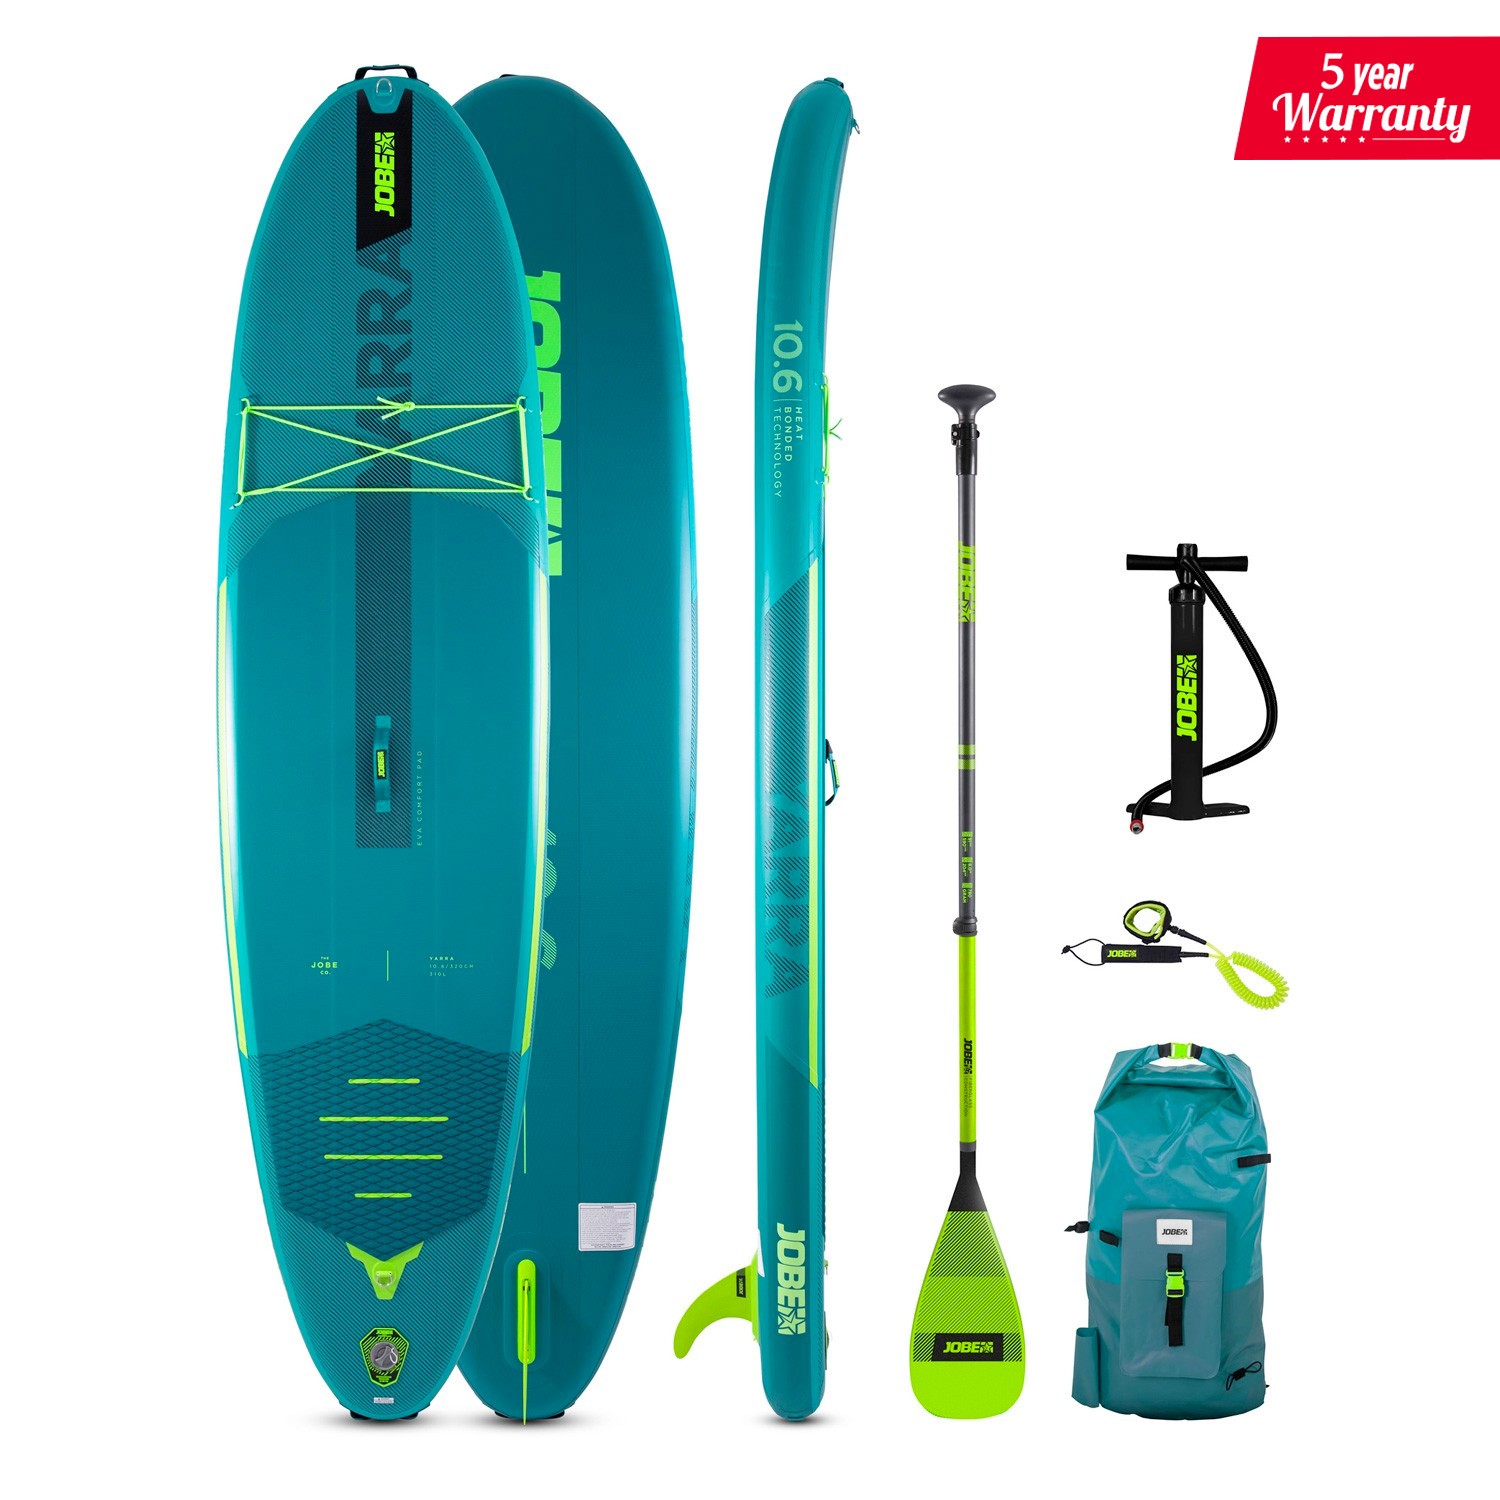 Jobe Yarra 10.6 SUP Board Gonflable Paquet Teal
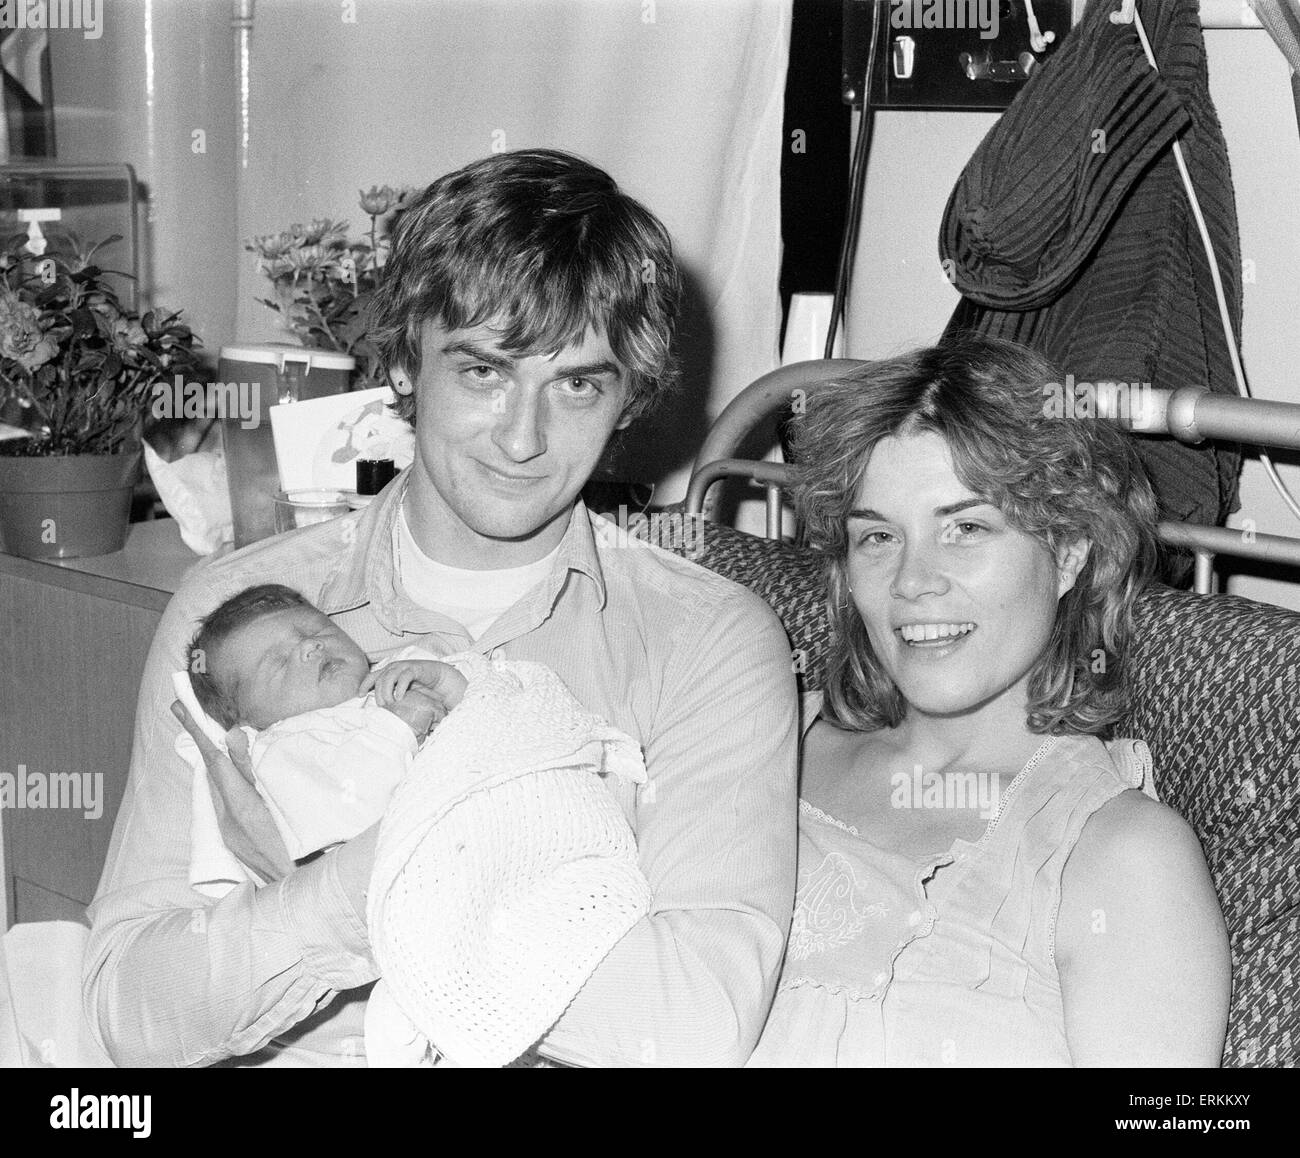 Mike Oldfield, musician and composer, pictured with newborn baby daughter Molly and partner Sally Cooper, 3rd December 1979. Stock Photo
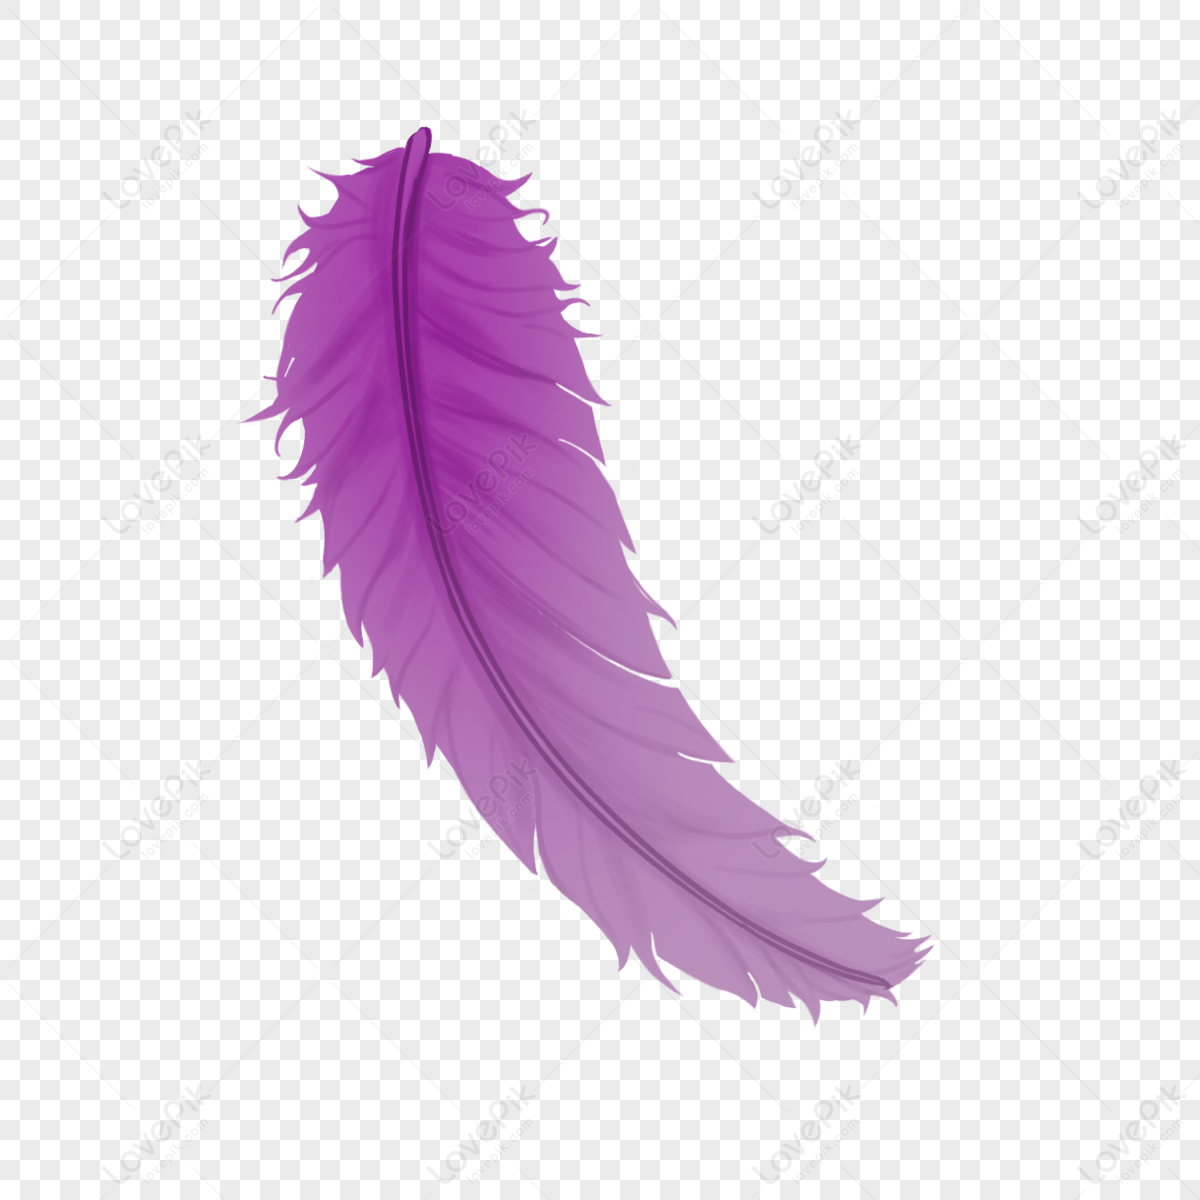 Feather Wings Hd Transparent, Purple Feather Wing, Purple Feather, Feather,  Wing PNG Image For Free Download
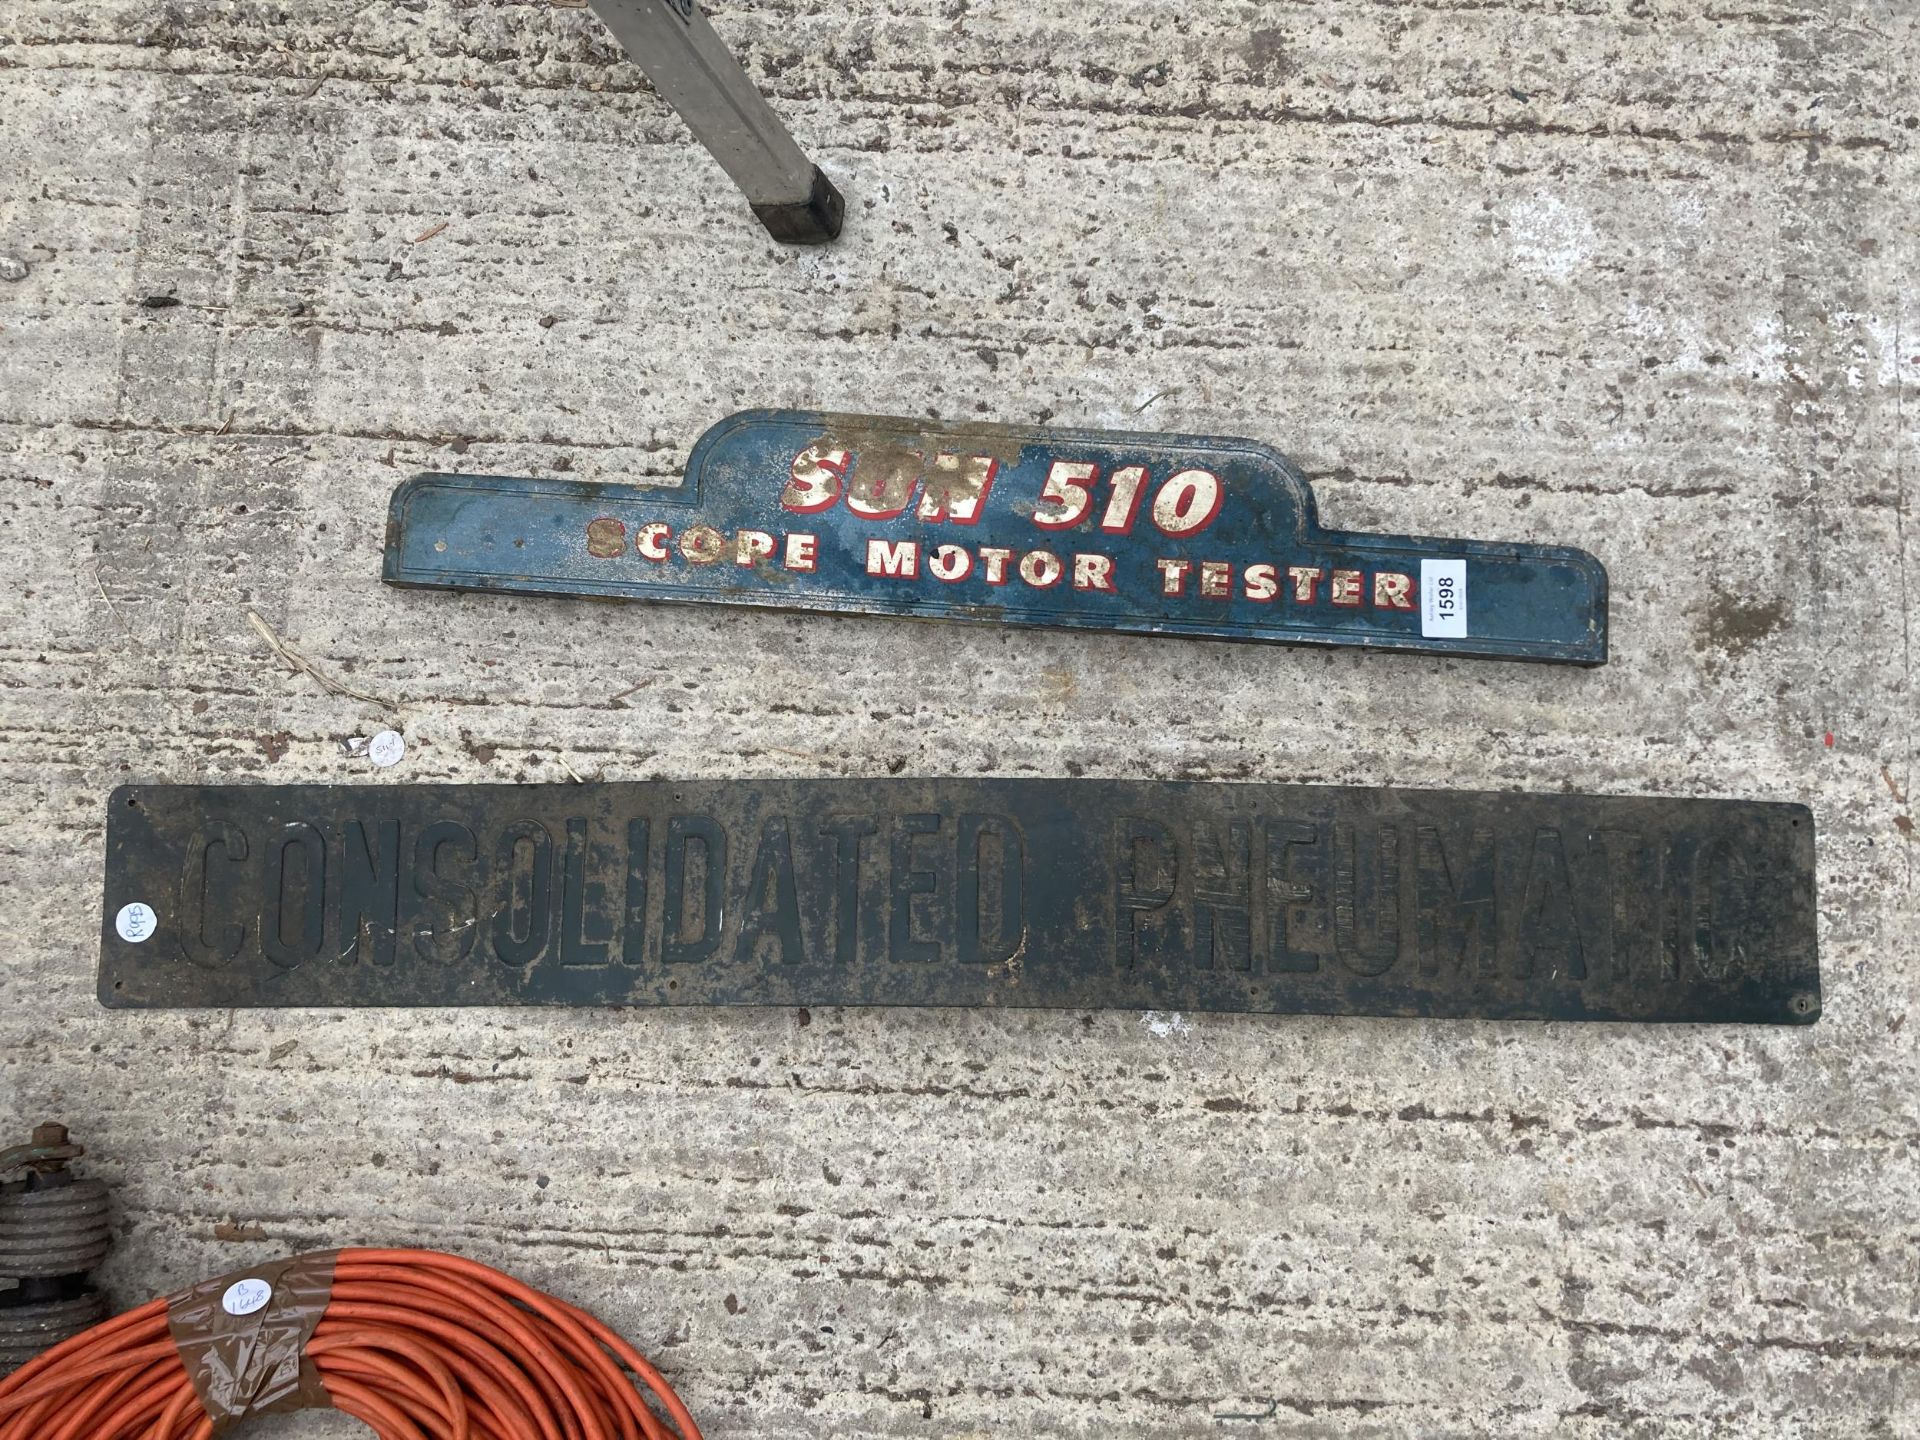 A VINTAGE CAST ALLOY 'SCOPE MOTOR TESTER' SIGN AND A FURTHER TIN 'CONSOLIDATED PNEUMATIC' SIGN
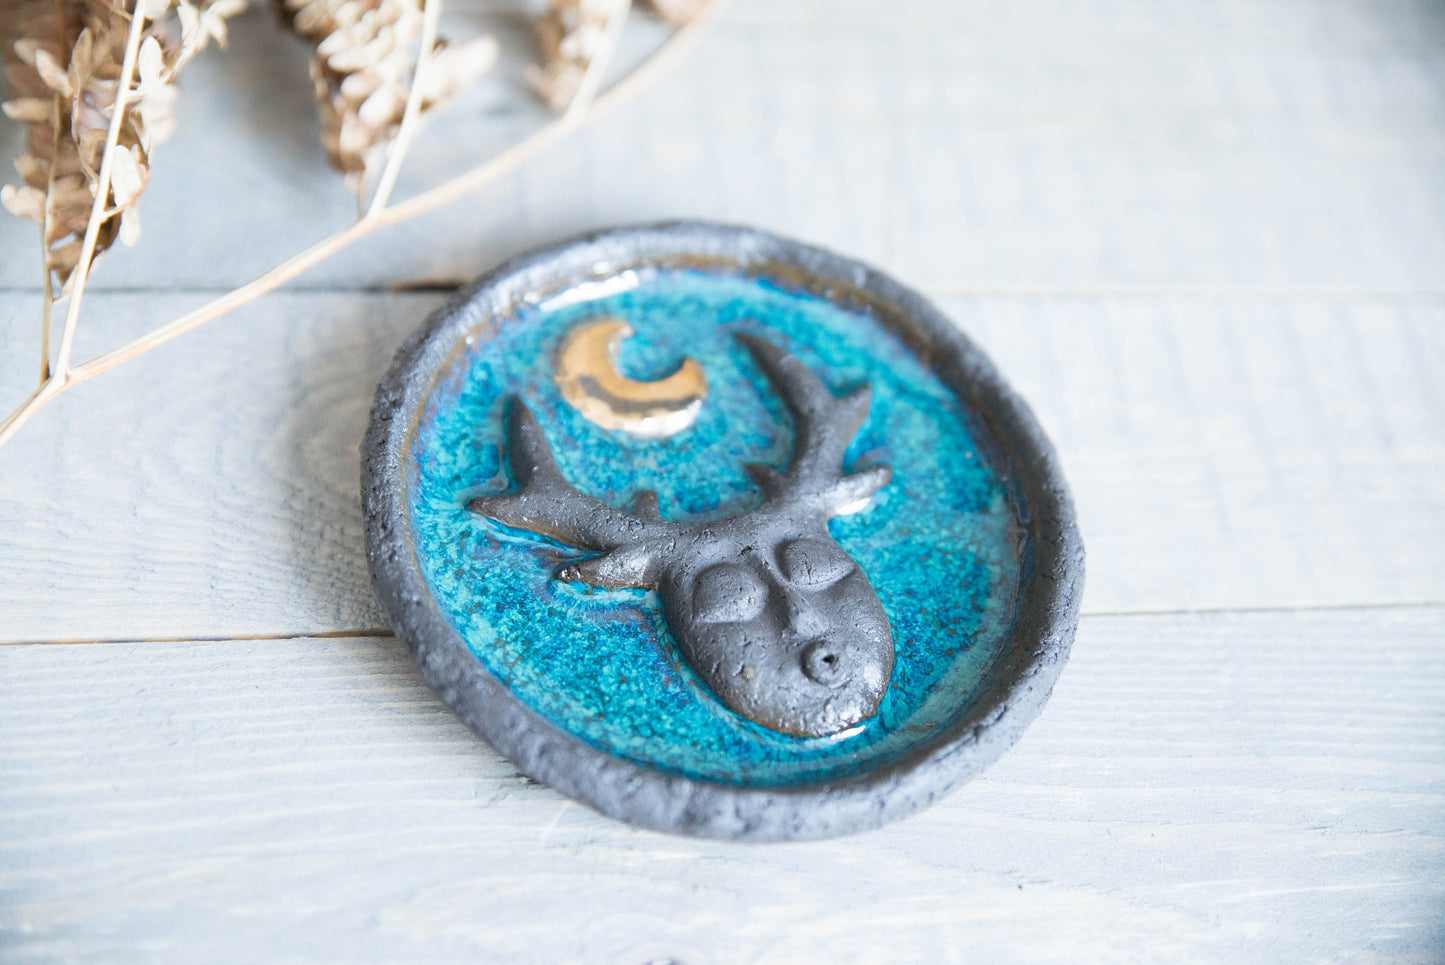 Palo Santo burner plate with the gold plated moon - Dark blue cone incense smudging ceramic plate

--

== Task requirements ==
Write the records out again exactly; none of the pictures belong in the copy.

== Expected answer ==
 Jobe Yarra 10.6 SUP Board Gonflable Paquet Teal
 Mike Oldfield, musician and composer, pictured with newborn baby daughter Molly and partner Sally Cooper, 3rd December 1979. Stock Photo
 Feather Wings Hd Transparent, Purple Feather Wing, Purple Feather, Feather,  Wing PNG Image For Free Download
 A VINTAGE CAST ALLOY 'SCOPE MOTOR TESTER' SIGN AND A FURTHER TIN 'CONSOLIDATED PNEUMATIC' SIGN
 Palo Santo burner plate with the gold plated moon - Dark blue cone incense smudging ceramic plate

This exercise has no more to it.